# I am scared !!!



## Stormy_Ny (Jun 13, 2009)

We start one tomorrow and I have to chase a maniac with a bazooka in his hands.......I am going to sooooo SORE ... I am so out of shape !~!!!!!!


----------



## d-rock (Oct 21, 2009)

how did you do ?


----------



## Stormy_Ny (Jun 13, 2009)

OMG I am sore ...sitting here with heat packs on my neck and back...... We kicked ass..... taped, nails spotted and beaded in 5 hrs.


----------



## d-rock (Oct 21, 2009)

:clap::clap: Rock ON !!


----------



## evolve991 (Jan 24, 2008)

its a GOOD hurt thought aint it?:thumbsup:


----------



## Stormy_Ny (Jun 13, 2009)

evolve991 said:


> its a GOOD hurt thought aint it?:thumbsup:


Yeah its a good hurt ..... Little better today. Just the normal pain in the neck. 

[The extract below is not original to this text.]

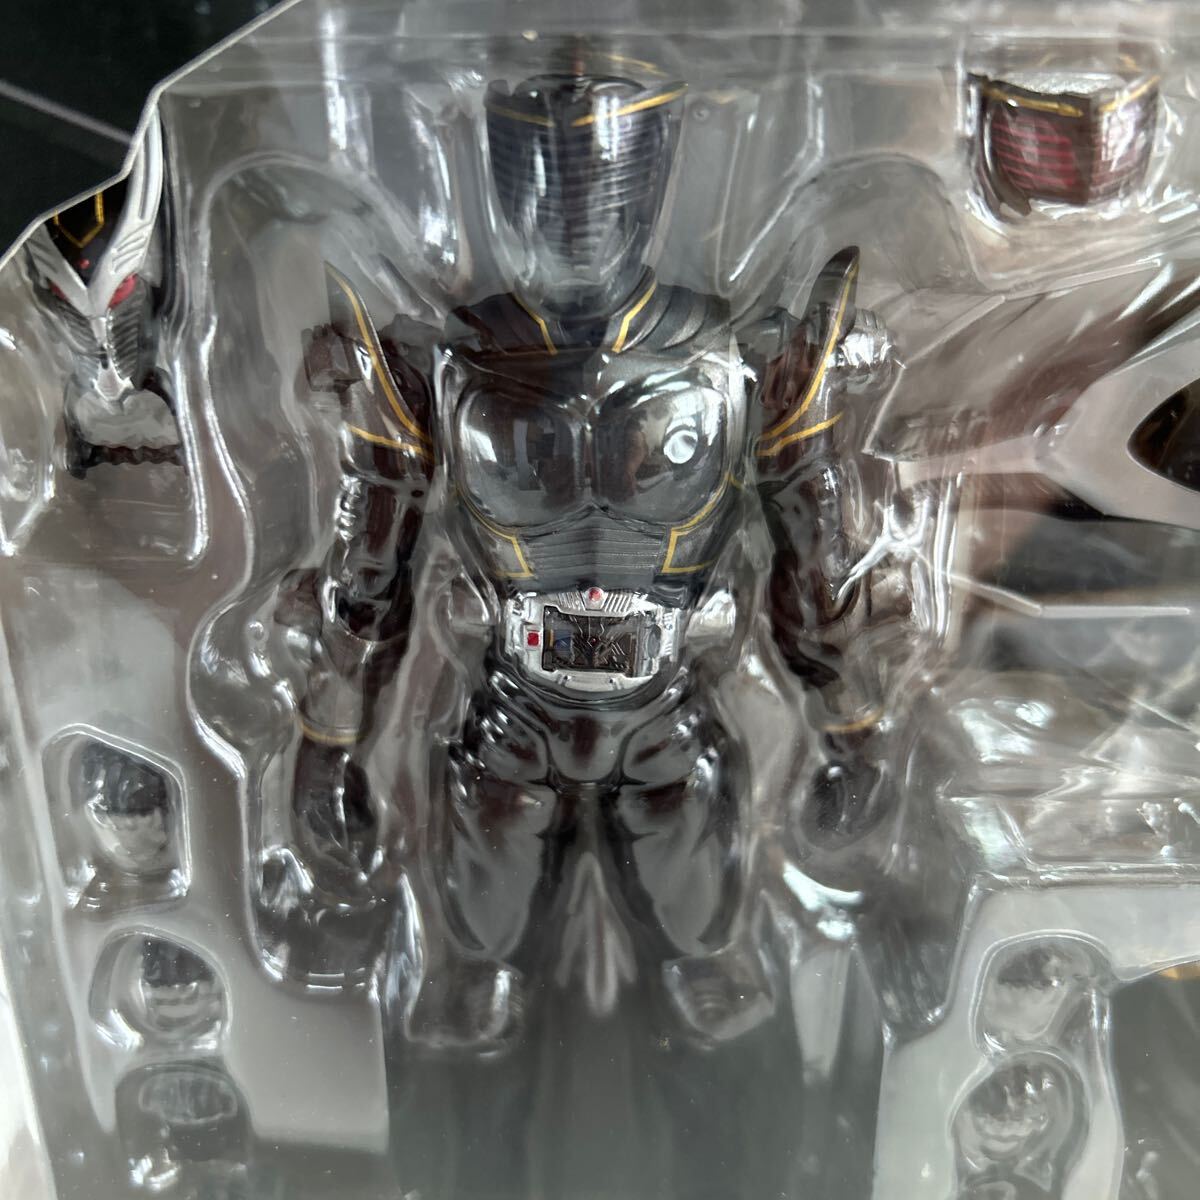  Bandai душа web магазин ограничение S.H.Figuarts [ Kamen Rider Dragon Knight ] Kamen Rider ryuuga& drag b Rucker нераспечатанный перевозка коробка есть

What sucks is they took 2 units away from us so their hourly guys had something to do ......


----------



## evolve991 (Jan 24, 2008)

yeah that does suck. and i bet the clockers milked it too. but heres something to keep your perspective cheery: i spent 8 hours last night putting yarn and do-it-yourself handbag kits on the shelves.....:furious:...and got paid roughly a sheet and a quarters worth per hour by my math. rock on for those who cant:thumbup: i swear right now i wouldn't even whine about mud on my radio....


----------



## raymul (Jan 18, 2010)

Stormy_Ny said:


> We start one tomorrow and I have to chase a maniac with a bazooka in his hands.......I am going to sooooo SORE ... I am so out of shape !~!!!!!!


And what about the 'maniac' (read tradesman) I take it he's still producing
wages for all...


----------